Given linked list is: 1 2 3 4

sqrt(n)th node is 2

**Time Complexity of the square root of nth node of linked list :** O(n), as we are traversing the complete length of the list.

**Conclusion**

So, in this article, you have learned how to the square root of nth node of linked list. Also, you can solve more questions on Linked List, which is curated by our expert mentors at PrepBytes, you can follow this link Linked List.

## FAQs on the square root of nth node of linked list

**1. What is getNode and Freenode?**

We have a getnode() function that creates an empty. node for us. We have a freenode() function that deallocates the. memory pointed to by p.

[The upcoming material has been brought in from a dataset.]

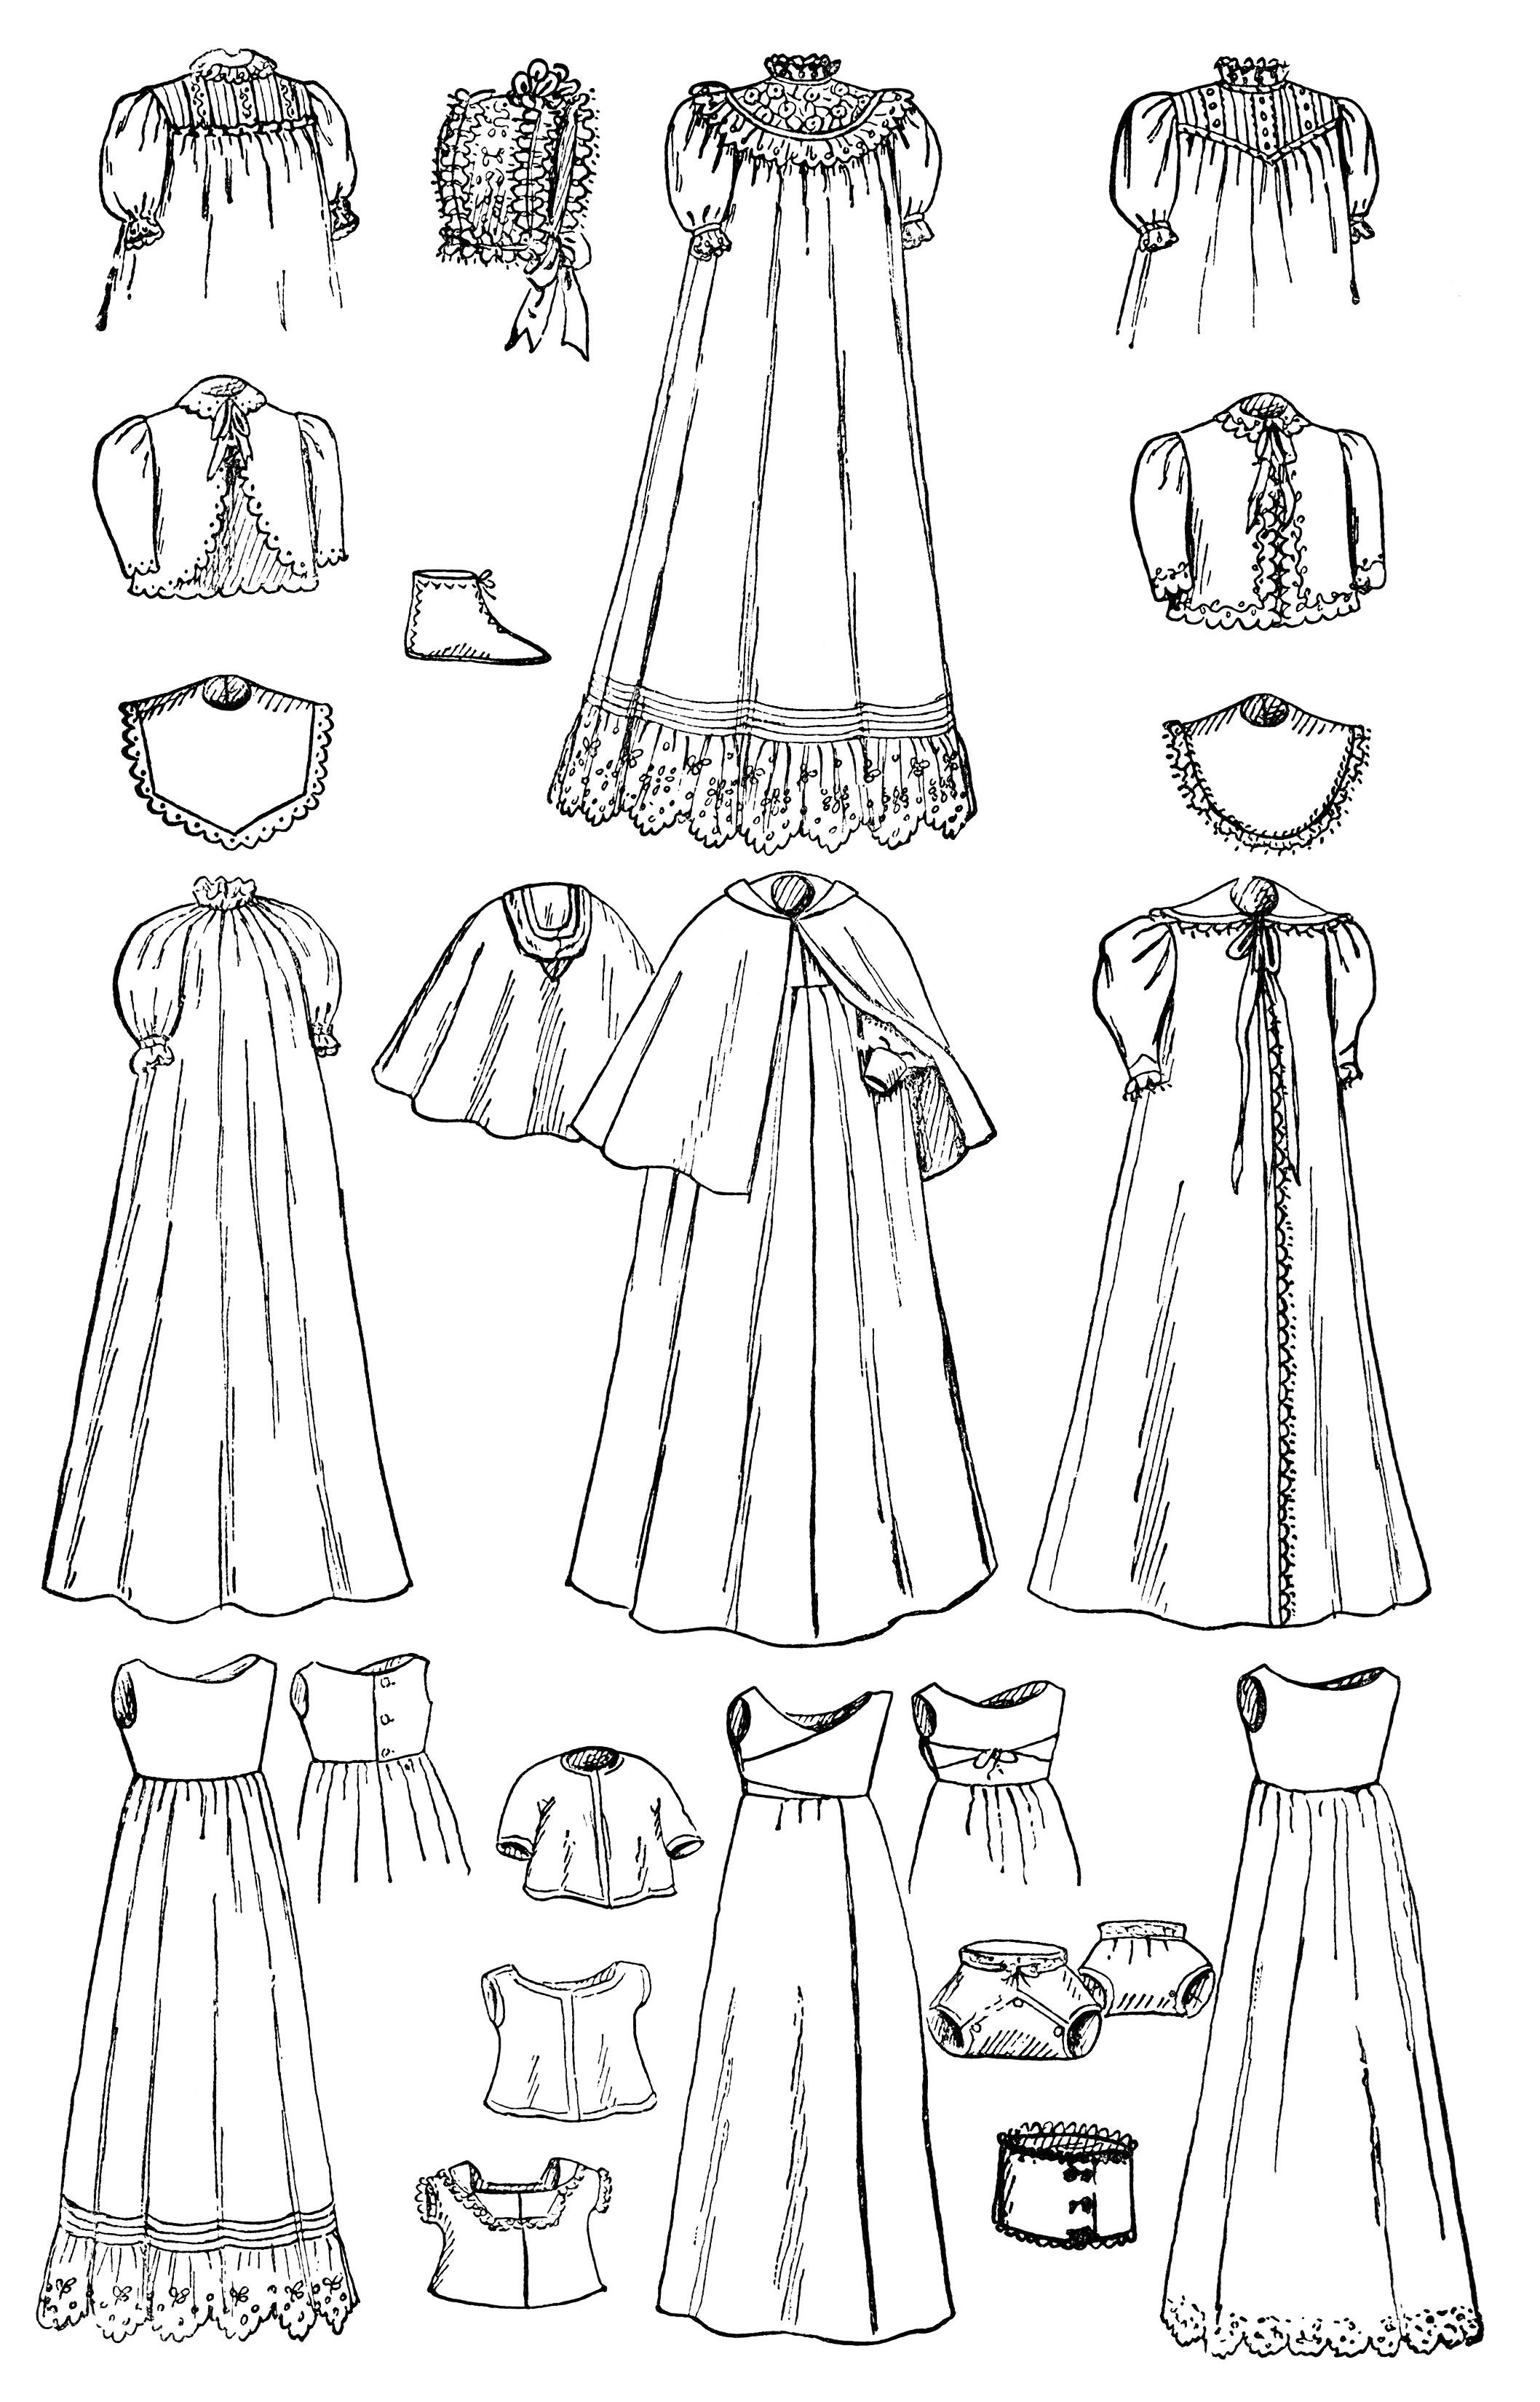 Infant S Wardrobe Free Vintage Clip Art

**2. What is the meaning of Freenode?**

Freenode, stylized as Freenode and formerly known as Open Projects Network, is an IRC network that was previously used to discuss peer-directed projects. Their servers are accessible from the hostname chat.freenode.net, which load balances connections by using round-robin DNS.

**3. Is the linked list an ADT?**

Yes, a linked list is an Abstract Data type i.e ADT.